Table 1. Soil microorganisms under continuous potato cropping.
Years of continuous cropping | Bacteria (×106 CFU/g) | Fungi (×103 CFU /g) | Actinomycetes (105 CFU /g) |
---|---|---|---|
CK1 | 31.9 c | 9.7 b | 1.1 c |
CK2 | 71.5 a | 10.2 b | 8.2 b |
CK3 | 59.4 b | 13.0 ab | 14.9 a |
CK4 | 35.4 c | 14.4 ab | 12.5 ab |
CK7 | 42.7 c | 18.1 a | 5.9 c |
Note: Different letters in the same column meant significant difference among treatments at p <0.05. CK1, CK2, CK3, CK4 and CK7 represent the values of 1–4 and 7 year continuous potato cropping soil.

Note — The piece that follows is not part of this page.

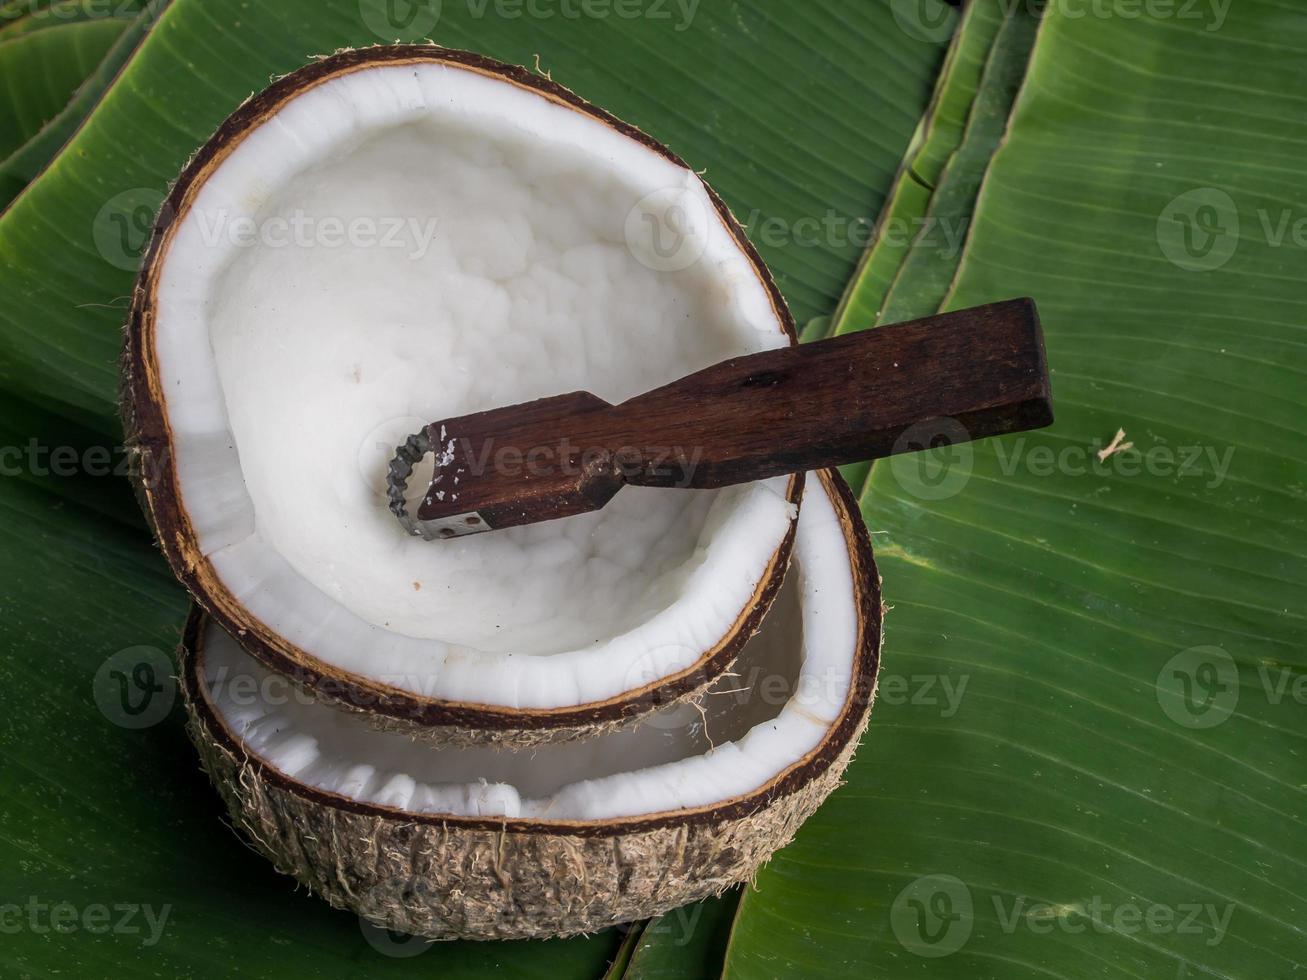 Coconut shell photo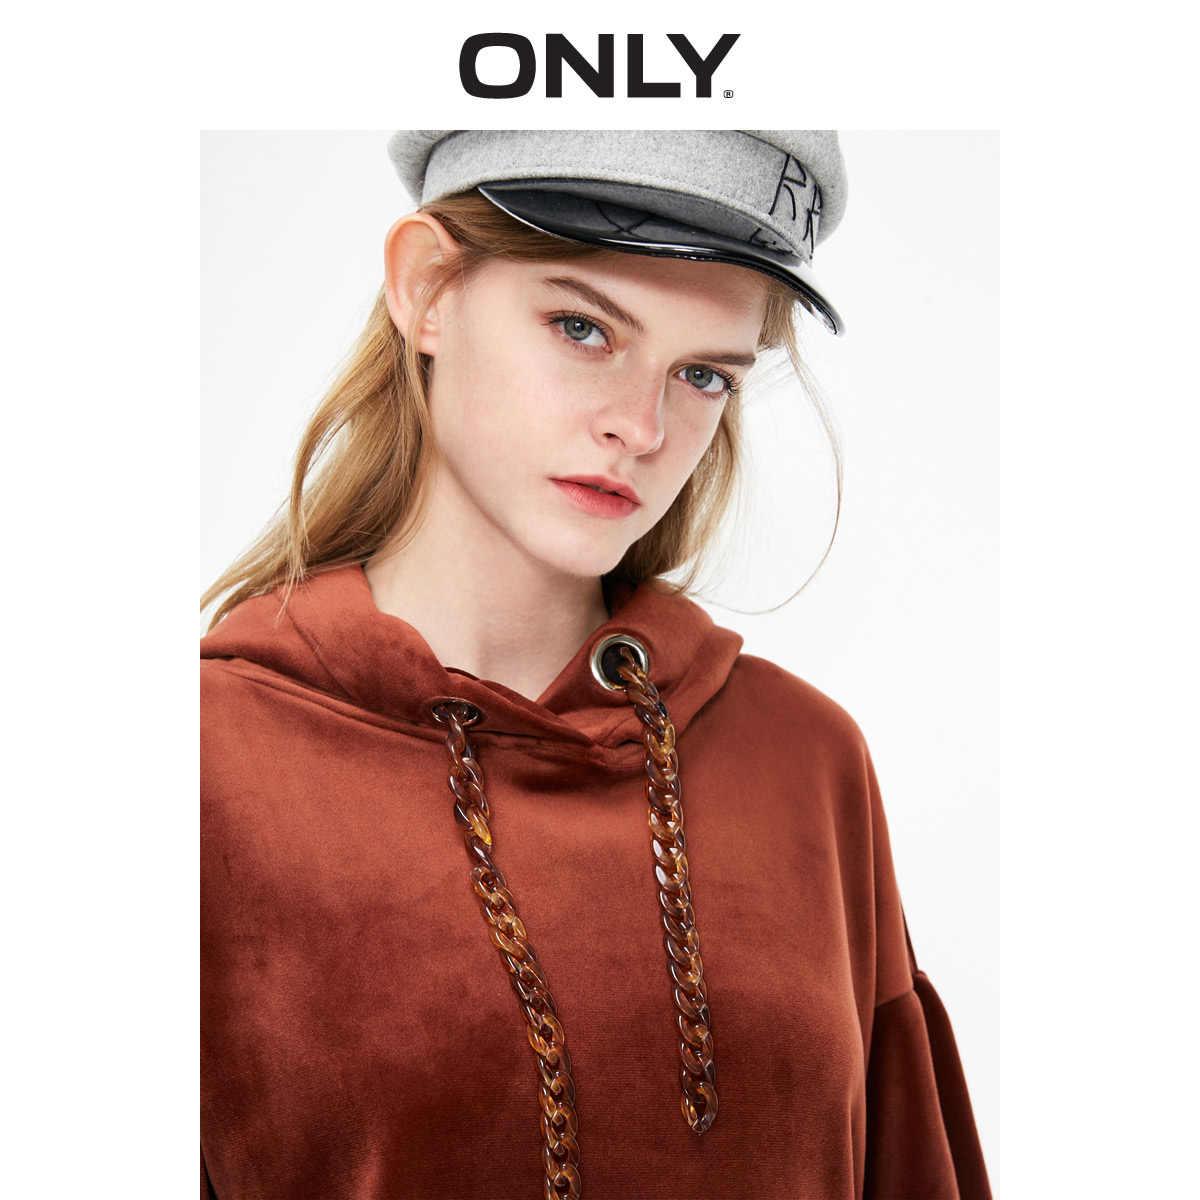 רק נשים של סתיו חדש מוצק צבע רטרו קטיפה loose סלעית עגול צוואר הסווטשרט סווטשירט | 11919S522

Crop rotation effects on bacteria, fungi and actinomycetes
Potato–legumes rotation had significant effect (p <0.05) on bacteria, fungi and actinomycetes numbers (ANs) depending on treatment (Table 2). The number of bacteria had a consistent increase under P–B and to a lesser extent under P–L rotation. Bacteria numbers (BNs) were increased under P–B rotation by 78%, 85% and 83% in the 2, 4 and 7–year continuous cropping plots, respectively compared to P–C rotation. The P–L rotation had the highest fungi numbers (FNs) in the 1 and 2–year continuous cropping plots, whiles P–C rotation had the highest BNs in the 3 and 7–year continuous cropping plots. The fungi numbers recorded an increasing trend under P–B relative to the 1–year continuous cropping plots. On the contrary, the trend of FNs under P–C and P–L were not consistent. With exception of the 1–year continuous cropping plots, P–C rotation produced significantly lower actinomycetes numbers (ANs) compared to P–L rotation and to a lesser extent relative to P–B rotation (Table 2).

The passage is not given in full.